Output only the lines below from the one holding "Playmobil 4430 Goldener" down to the one holding "Location: Benasque Valley", both end lines included and every picture dropped.

▶ _Available data_
# # #

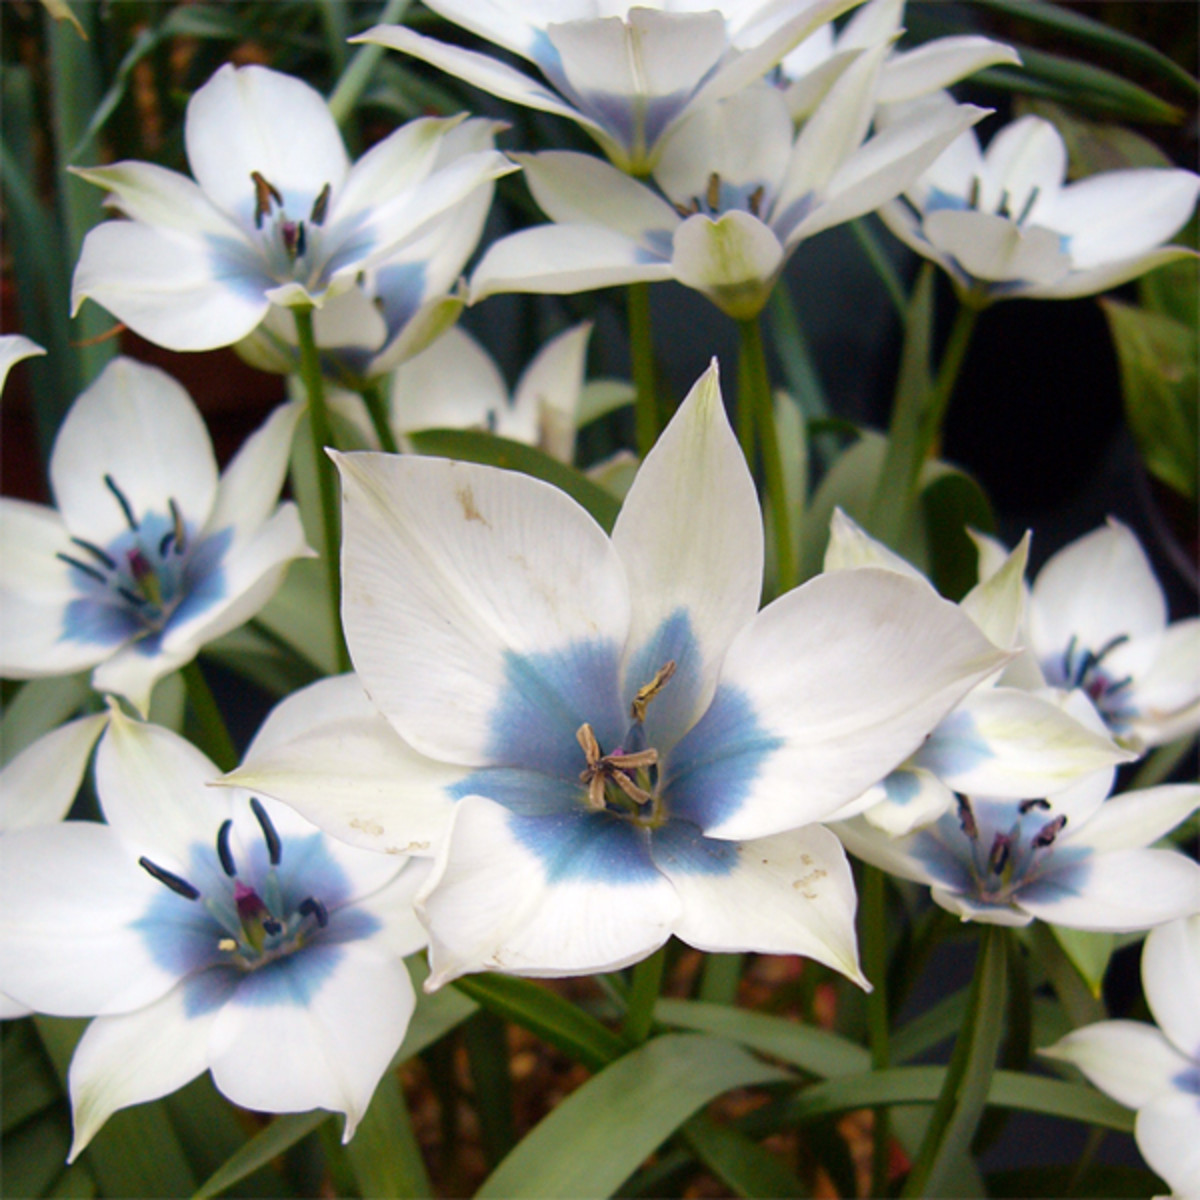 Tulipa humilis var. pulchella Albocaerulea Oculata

# # #

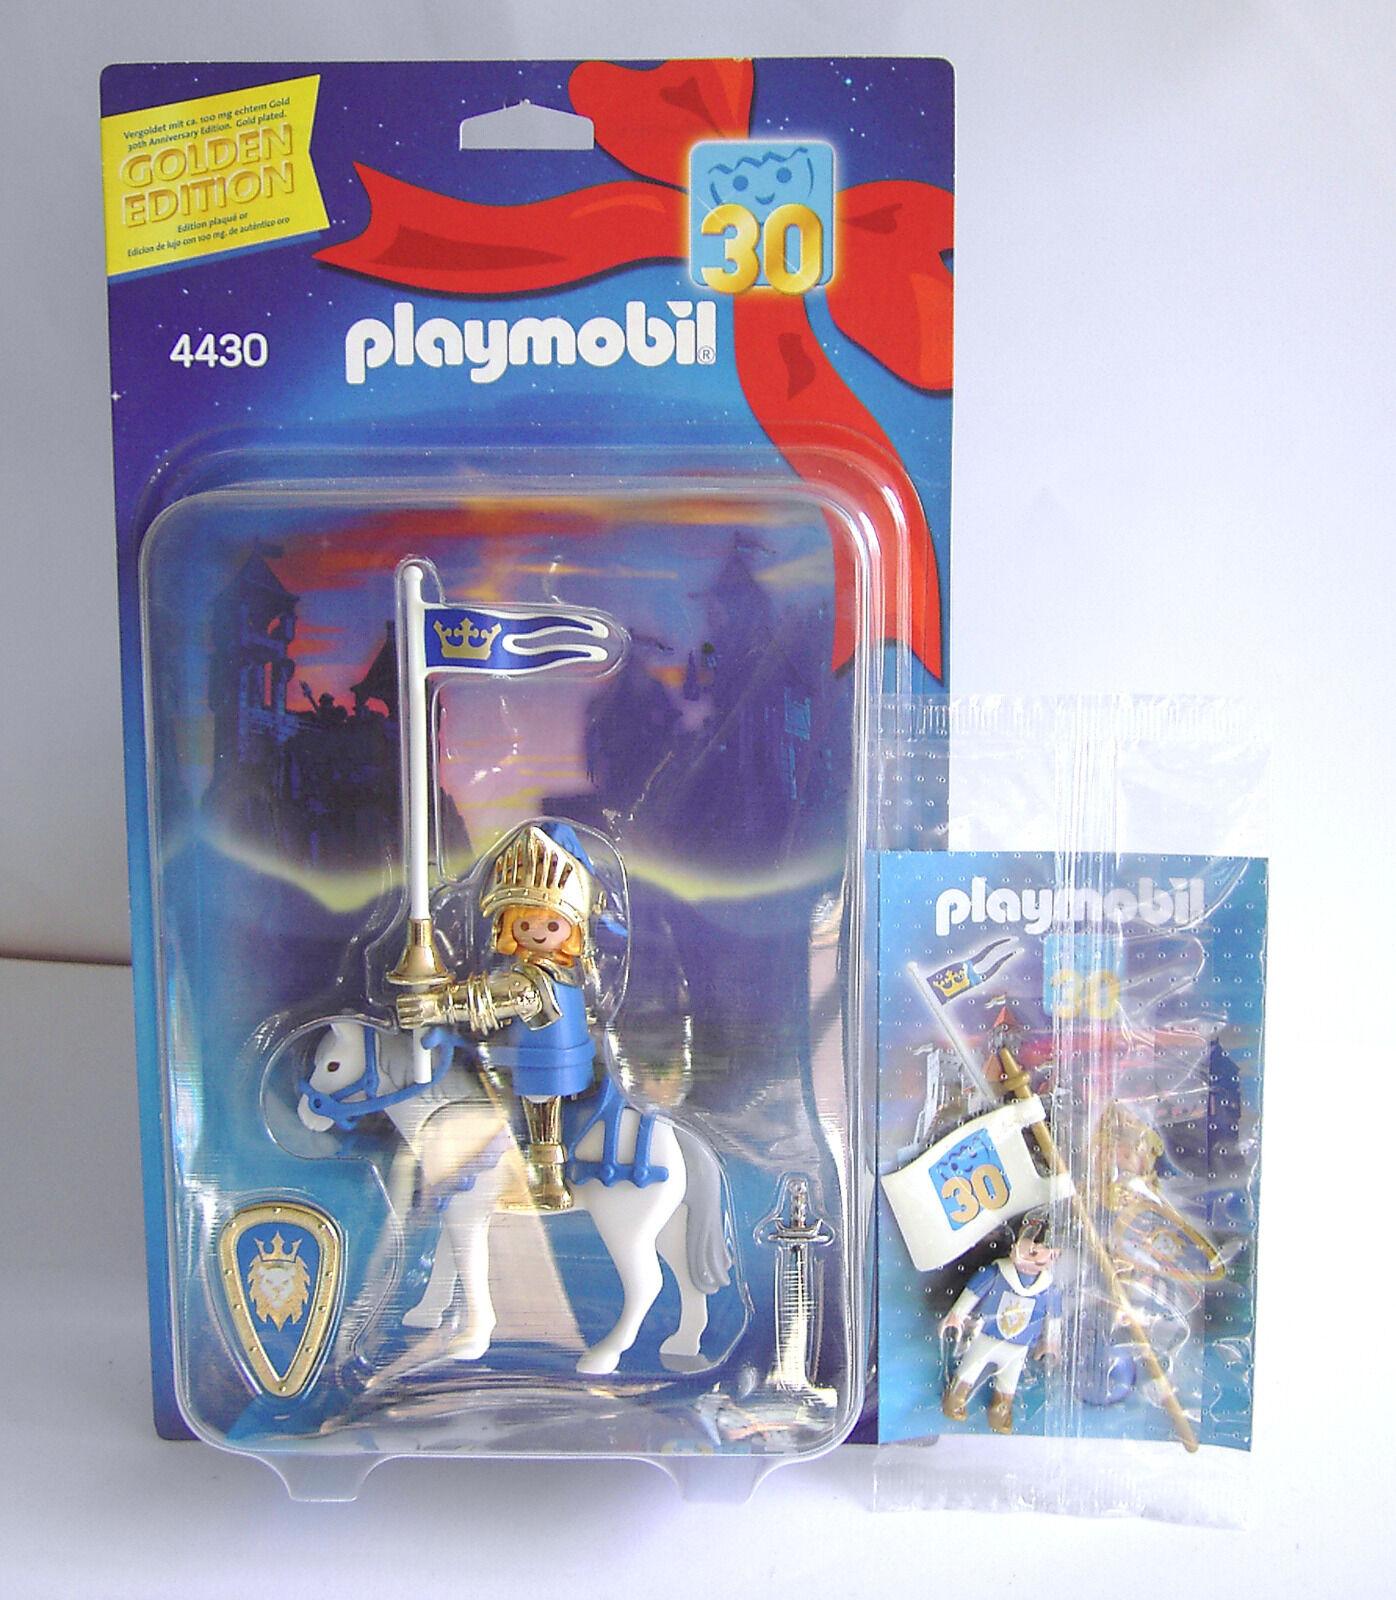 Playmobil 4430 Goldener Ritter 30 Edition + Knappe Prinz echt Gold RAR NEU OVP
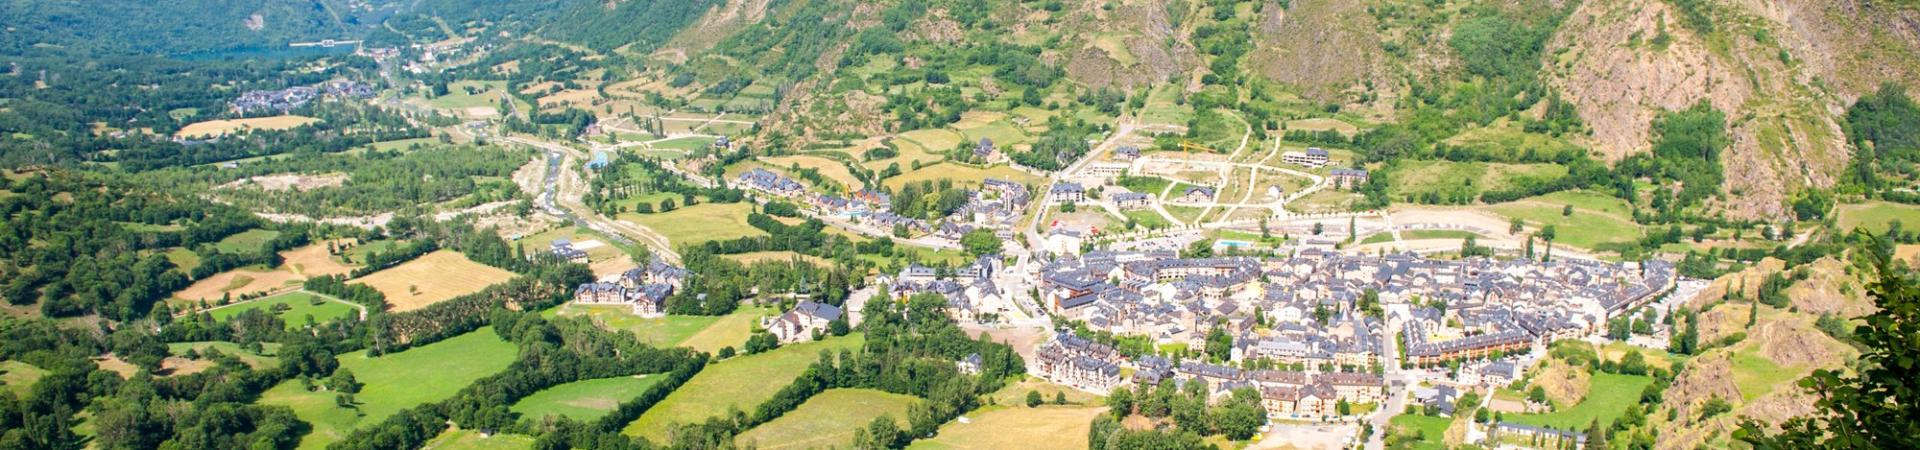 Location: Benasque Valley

# # #

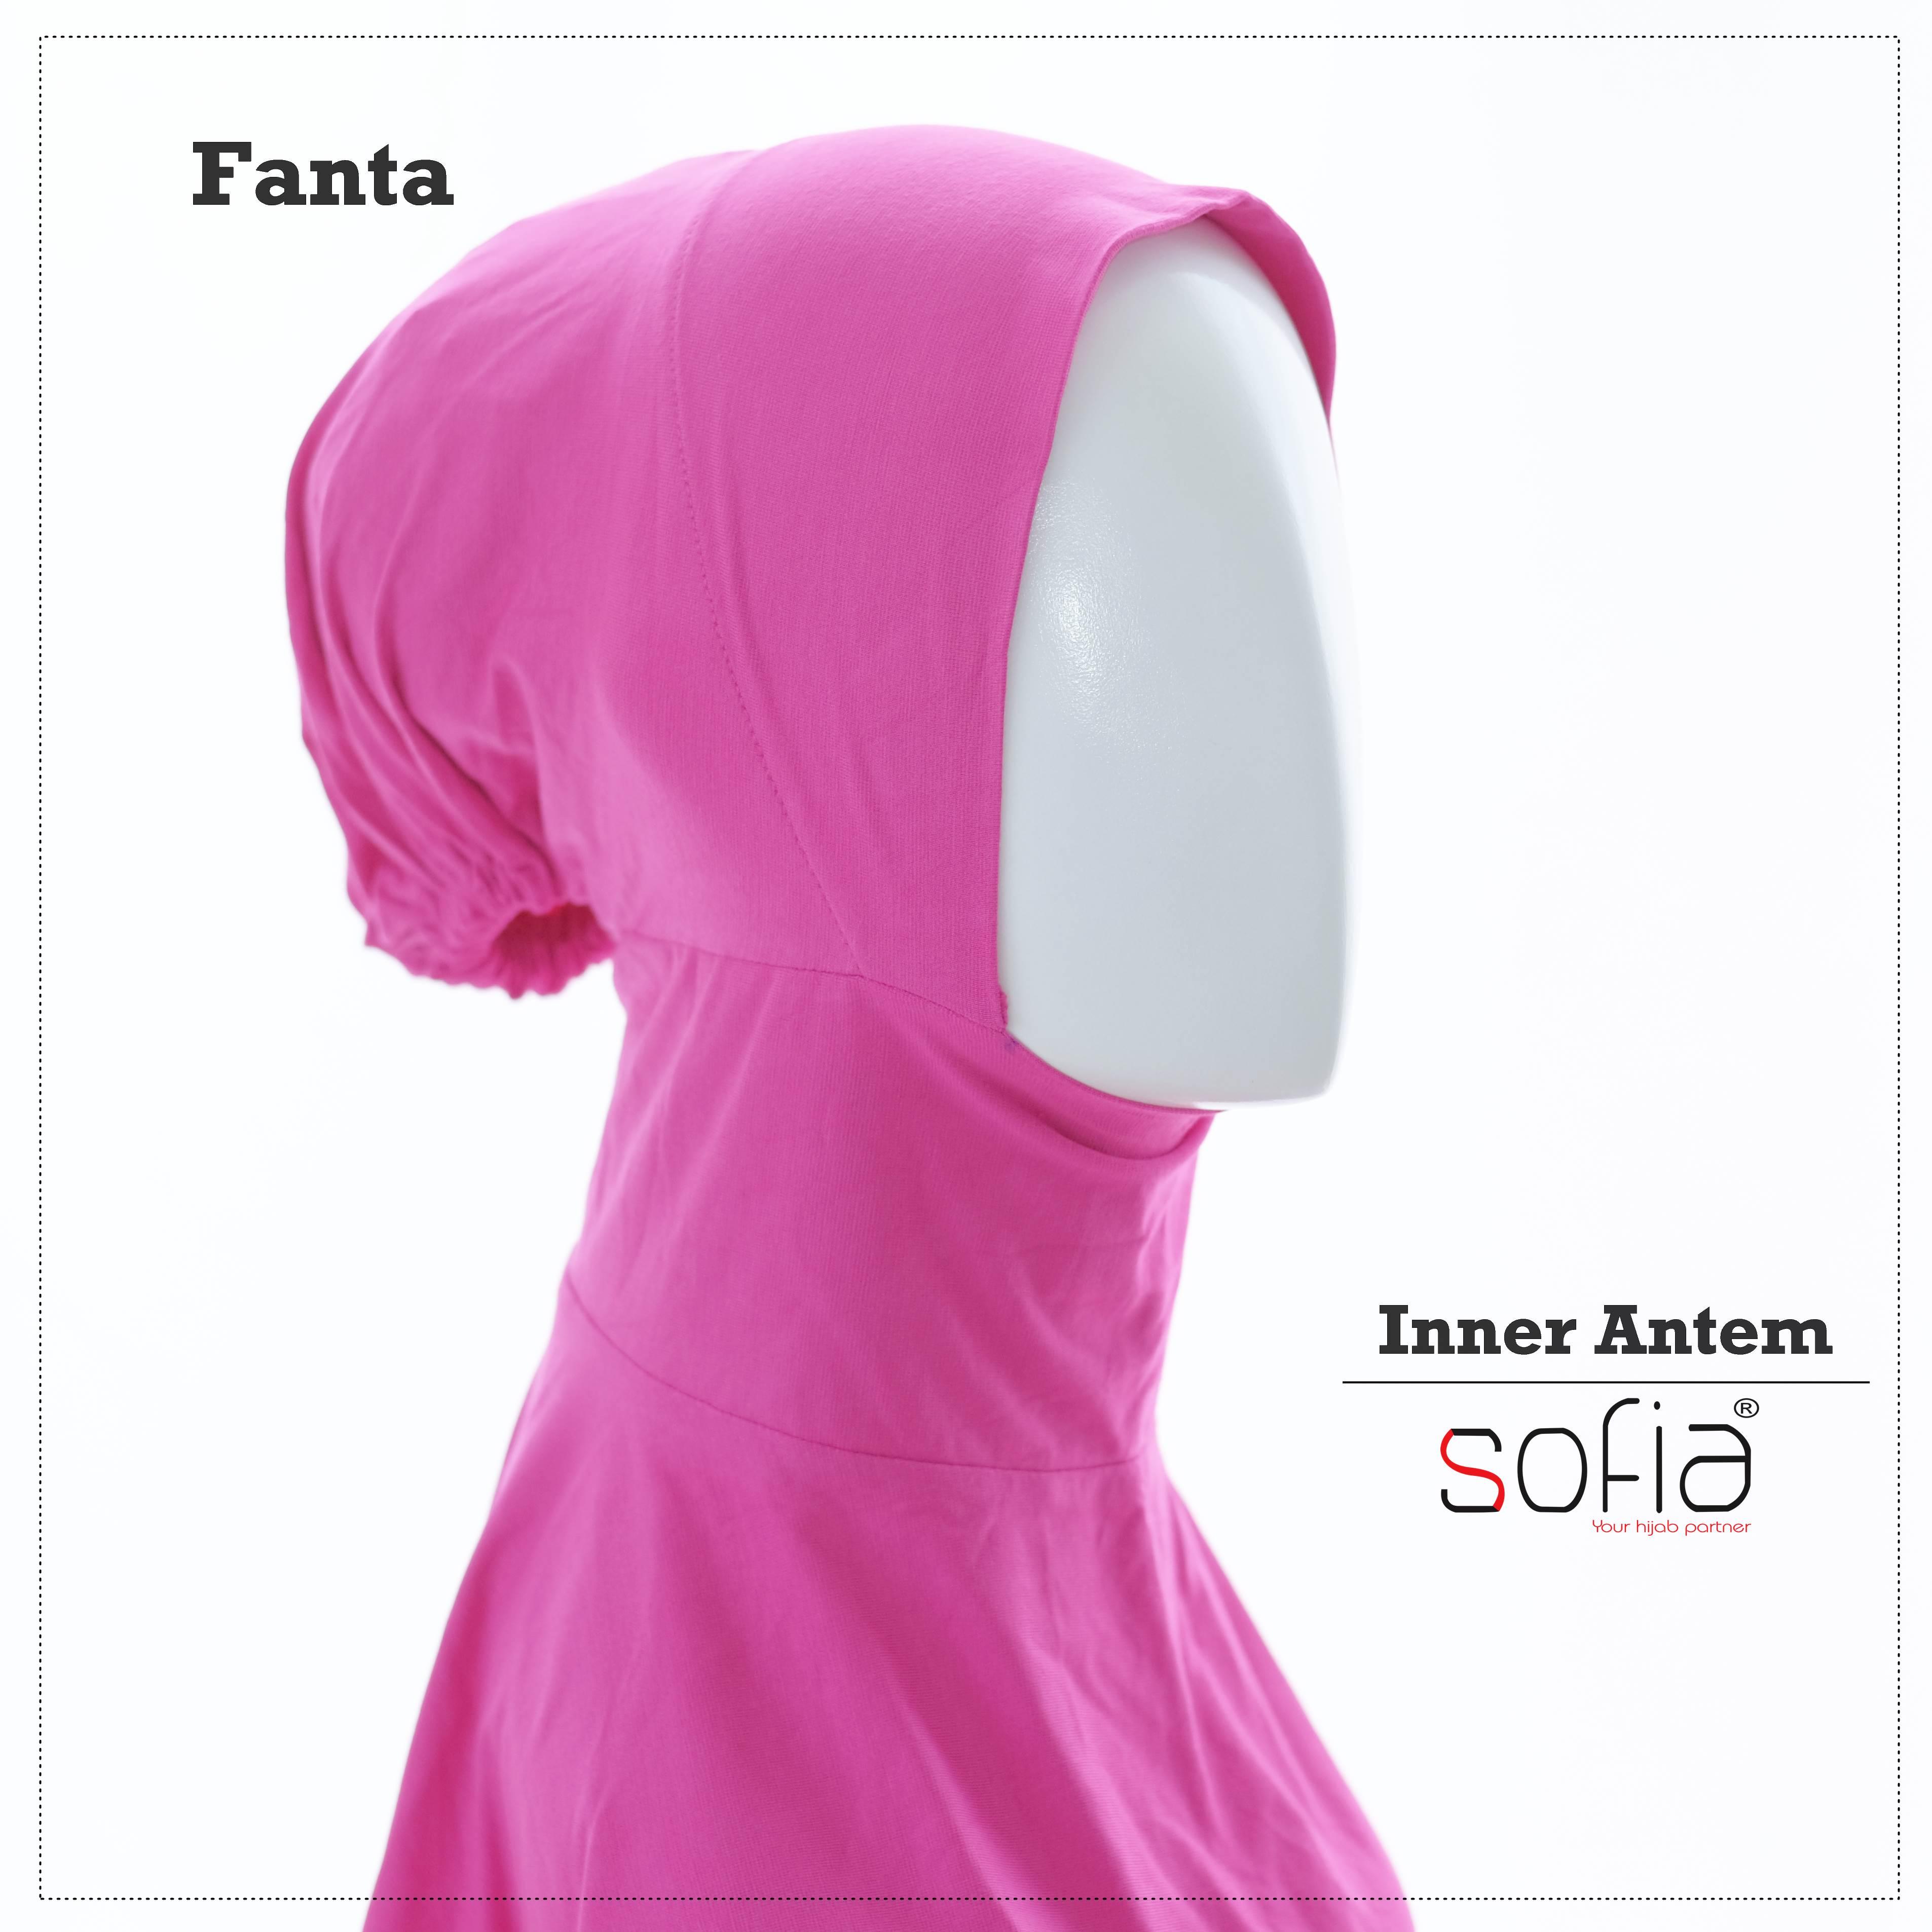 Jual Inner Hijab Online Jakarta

# # #

▶ _Result below_
 Playmobil 4430 Goldener Ritter 30 Edition + Knappe Prinz echt Gold RAR NEU OVP
 Location: Benasque Valley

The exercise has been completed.